A campainha

- Perai! Já vou. – Joana não encontrou ninguém ao abrir a porta. Esses meninos do 302. São umas pestes mesmo. Vou falar com a mãe deles depois. Pensou consigo mesma, mas sem conseguir ficar com raiva. O cansaço da jornada extenuante do plantão de 24 horas no hospital lhe deixava em um estado de espírito onde predominava um embotamento afetivo, associado a uma sensação vaga de estresse. Ela sabia que seu trabalho já tinha acabado, mas o corpo, apesar de extenuado, ainda não percebera que poderia relaxar e se entregar ao descanso. Tudo então girava em torno de relaxar a mente e o corpo, para poder descansar.

Mas havia também a sensação de felicidade. Conseguira a residência em gastroenterologia no hospital da Universidade de São Paulo, e agora morava sozinha, em um pequeno, mas lindo apartamento próximo à Avenida Paulista. Conseguira finalmente um espaço só seu. A família, o namorado que ela já sentia que não ia dar em nada, os amigos do colégio que já não eram mais tão amigos assim, e os amigos da faculdade, que nunca haviam sido realmente amigos, tudo isso ia ficando para trás. Ela quase não ficava em casa, e na maior parte das vezes em que estava lá, ou estava estudando ou dormindo. Mas havia aquele momento mágico, depois do trabalho, quando ela chegava em casa e via a sua conquista. Tudo aquilo era devido ao seu trabalho. Era um ambiente que ela criara.
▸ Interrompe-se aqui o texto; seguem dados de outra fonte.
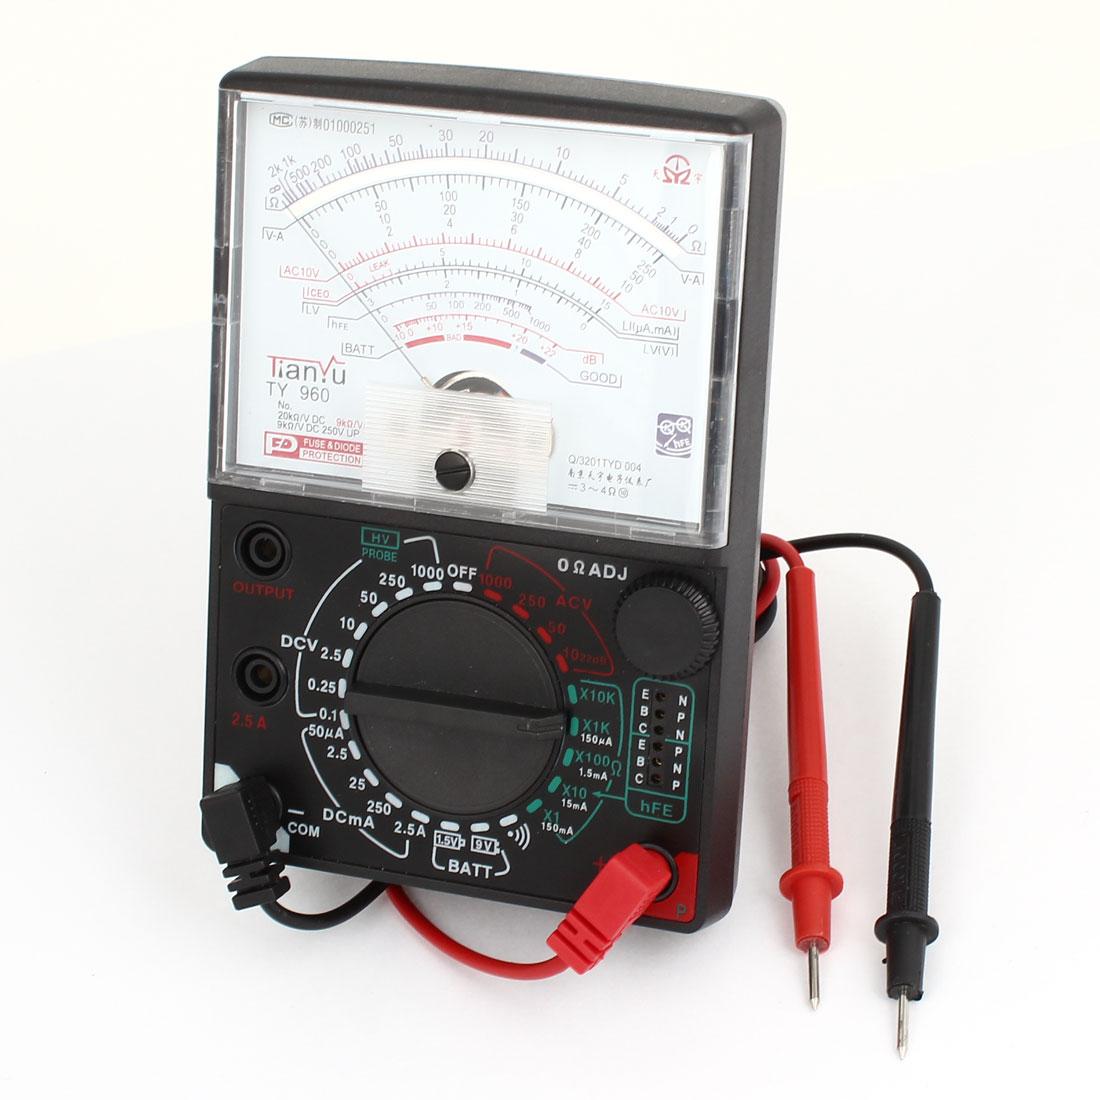 Black Ohm Ampere Volt Diode Decibel Measuring Analog Multitester TY-960

Seus pratos de plástico brancos com desenhos de flores de maracujá, a estante em madeira clara com linhas não paralelas, sua cama de casal com lençóis de 400 fios de algodão egípcio e os travesseiros em espuma nasa, tudo aquilo era uma conquista, e uma escolha dela.

Deitou-se na cama para um relaxar um pouco. Não pretendia dormir, só descansar, para poder dormir melhor depois. Sentiu o lençol macio roçar contra sua pele morena e também macia. Esse carinho, lençol, travesseiro, cama, em tudo maciez, roçando os pelos de sua pele levemente, a relaxaram e a encheram de uma sensação de torpor. Inspirou profundamente o ar impregnado do cheiro dos lençóis novos, e deixou o ar sair simplesmente relaxando o corpo, deixando sair junto com o ar toda tensão. Inspirou mais uma vez, agora normalmente, e deixou de novo o ar sair relaxando todo o corpo. Retirava-se aos poucos do mundo ao seu redor e se aprofundava cada vez mais dentro de si mesma, cada vez mais sentindo somente a própria respiração. Não sentia mais que inspirava, e nem sentia a si mesma. Só sentia o ar sair, levando toda tensão embora.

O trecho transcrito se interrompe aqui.